Explain Codes LogoExplain Codes Logo

How can I find all matches to a regular expression in Python?

python
regex
finditer
match-objects
Nikita BarsukovbyNikita Barsukov·Dec 29, 2024
TLDR

Harness the power of re.findall() to retrieve all occurrences of a regex pattern in a string, in a distilled and streamlined fashion:

import re matches = re.findall(r"pattern", "search_string")

For instance, if we want words that kick off with an 'S':

matches = re.findall(r"\bS\w+", "The rain in Spain")

The output we get is: ['Spain']. A no-nonsense, effective approach.

Using finditer for better performance

When wrestling with substantial text bodies or requiring more match details, re.finditer() stands as an efficient alternative. It returns an iterator yielding MatchObject instances instead of a list:

matches = re.finditer(r"\bS\w+", "The rain in Spain") for match in matches: print(match.group()) # Prints 'Spain'; finditer is the heavyweight champion.

Squeezing information from MatchObjects

Each MatchObject from re.finditer() is a goldmine of details about each match.

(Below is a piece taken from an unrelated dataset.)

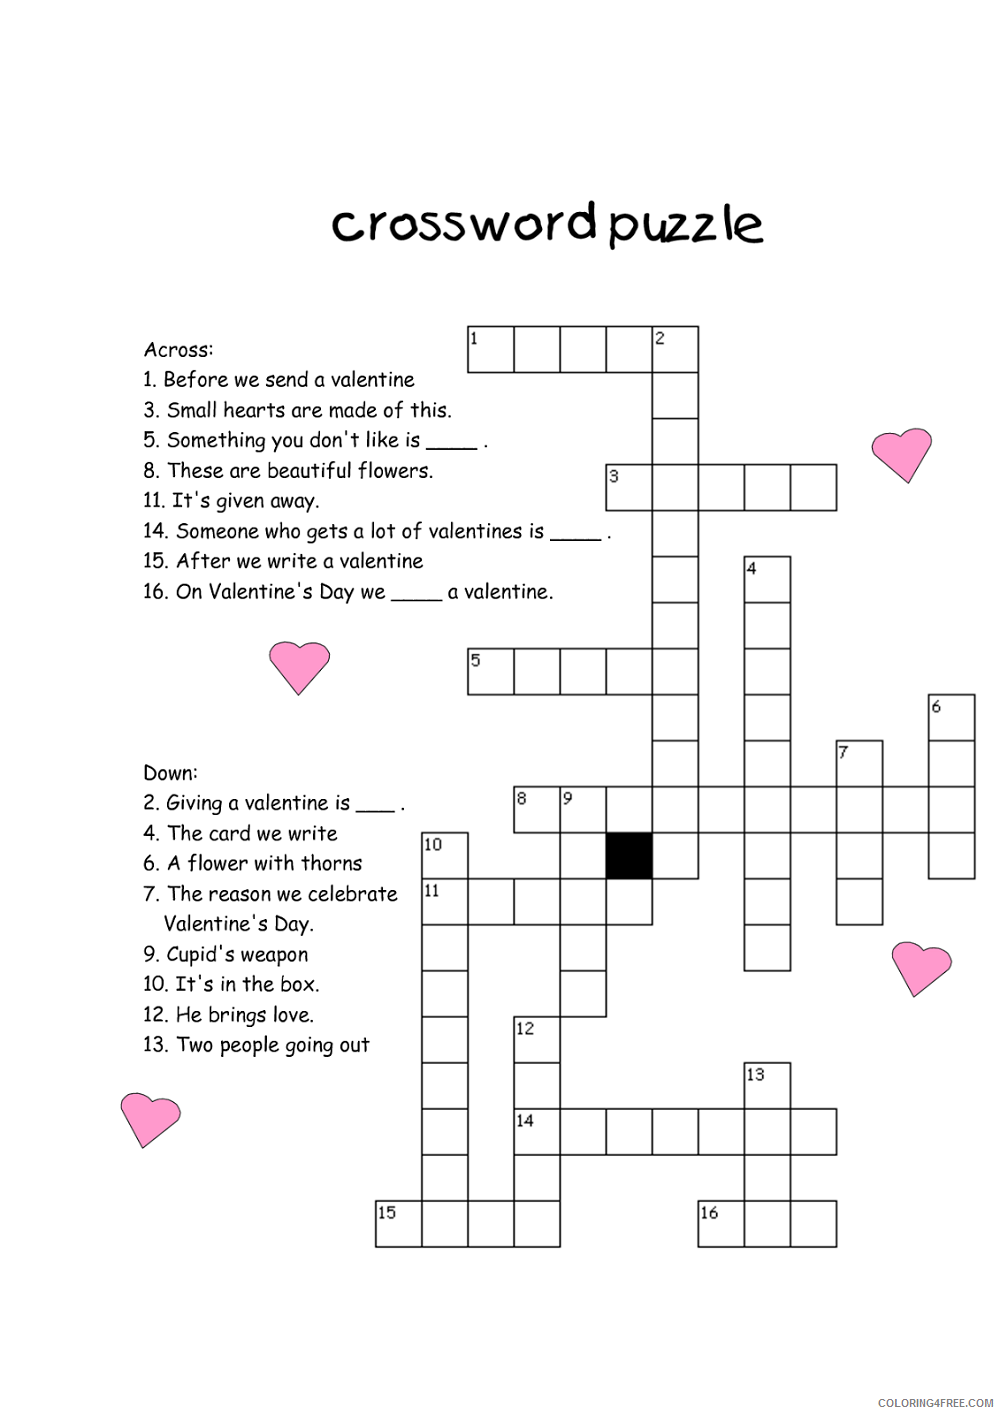 Crossword Puzzle Coloring Pages Free Crossword Puzzles For Kids Printable 2021 Coloring4free
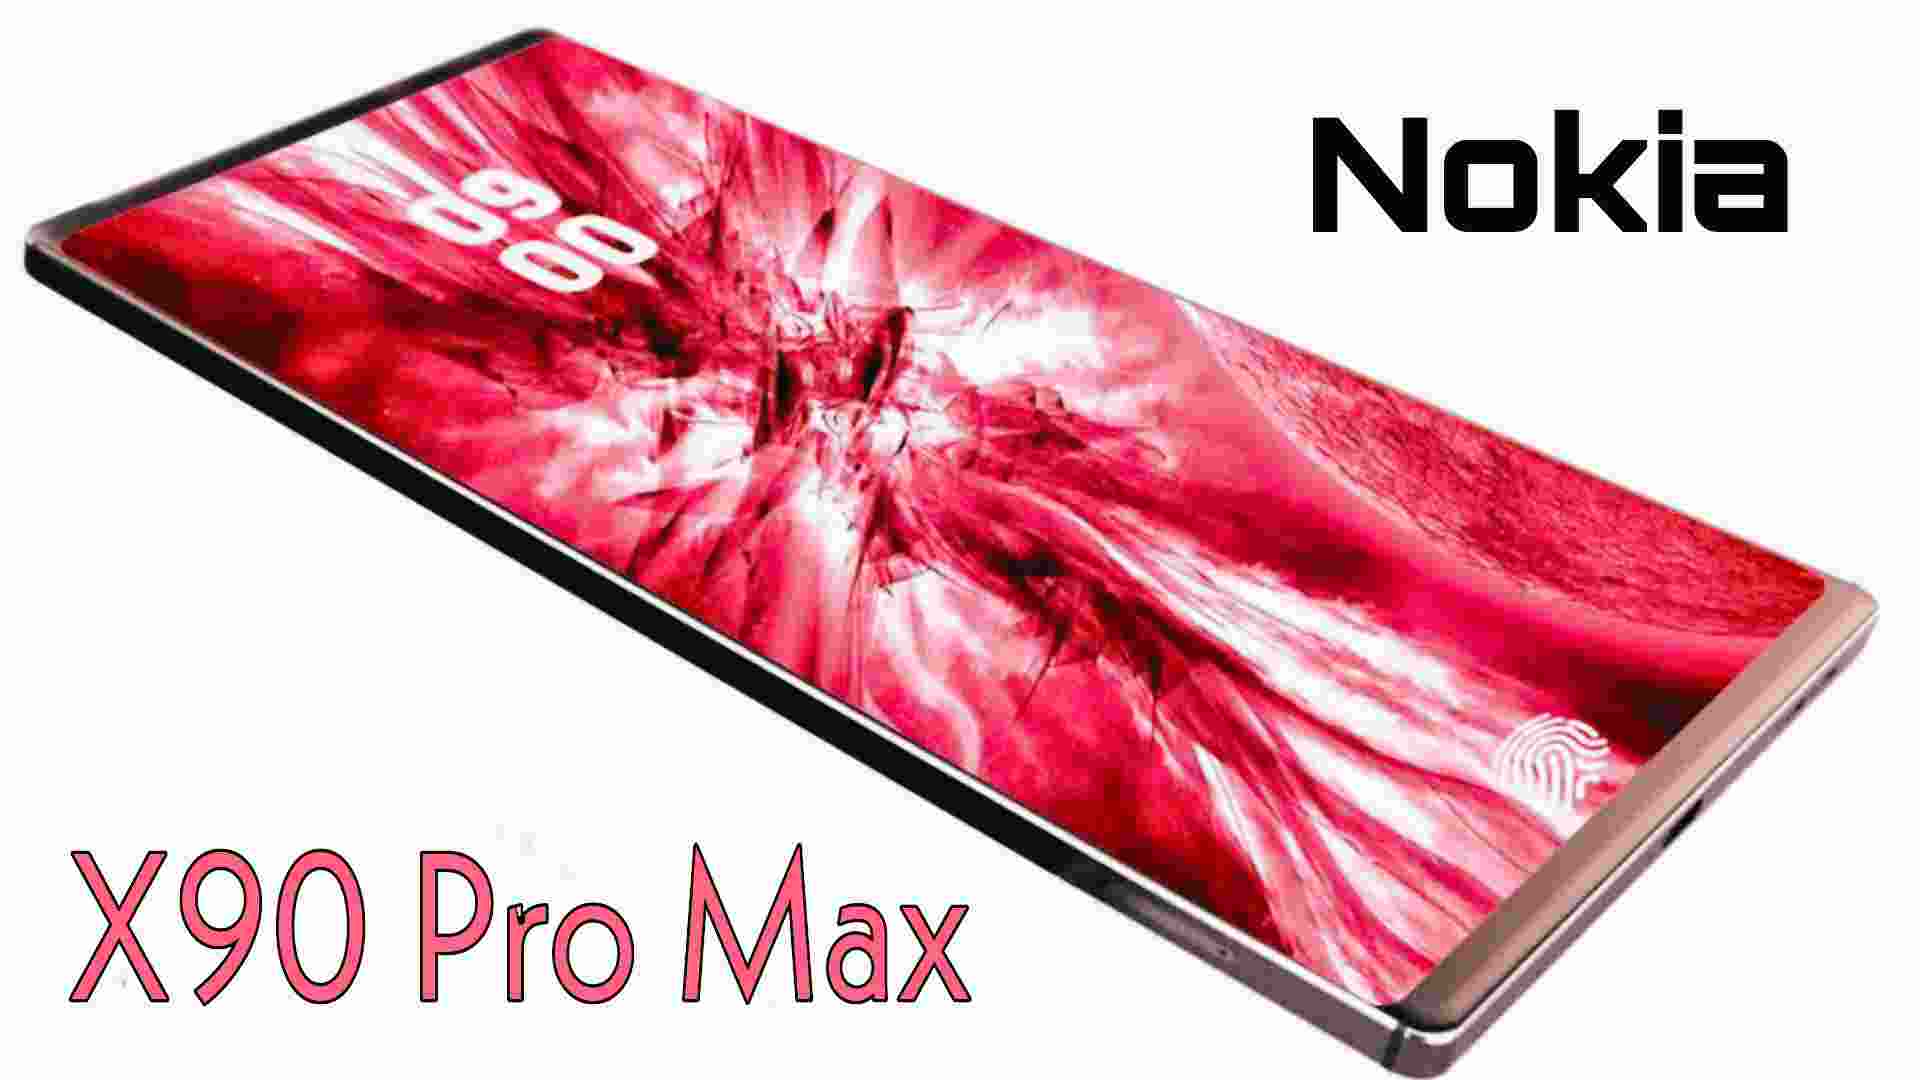 Nokia X90 Pro Max - Price, Full Specifications with Release Date, News and Reviews.

You can extract these nuggets of information through methods such as .group(), .start(), .end(), and .groups(). Behold the power of .group():

matches = [m.group() for m in re.finditer(r"(\bS\w+)", "The rain in Spain")]

Findall and capturing groups

If your regular expression incorporates groups, re.findall() brings home just the groups. Given several groups, you receive a list of tuples:

matches = re.findall(r"(\bT\w+)\s(\bS\w+)", "The rain in Spain stays mainly in the plain")

This yields group party pairs: [('The', 'Spain'), ('The', 'stays')].

Beware of regex's greedy nature

Regex can get a bit too eager sometimes. Domesticate its greedy nature with a non-greedy match ? to avoid any surprising findings:

# Greedy match matches = re.findall(r"<.*>", "<tag>content</tag>") # Spits: ['<tag>content</tag>'] # Non-greedy match matches = re.findall(r"<.*?>", "<tag>content</tag>") # Spits: ['<tag>', '</tag>'] # Greediness cured!

Flags: the secret spices of regex

Meetings with flags like re.IGNORECASE can bring a radical change of attitude. Think of them as secret spices for flavorful results:

matches = re.findall(r"spain", "The rain in Spain", re.IGNORECASE) # Feeds you: ['Spain']

Dealing with the Unicode dragon

Taming the dragon of Unicode matching is no child's play. Equip yourself with the flag re.UNICODE to secure your regex from any Unicode character inconsistencies:

matches = re.findall(r"\w+", "café", re.UNICODE) # Lets you enjoy: ['café'] # A hot cup of ‘café’!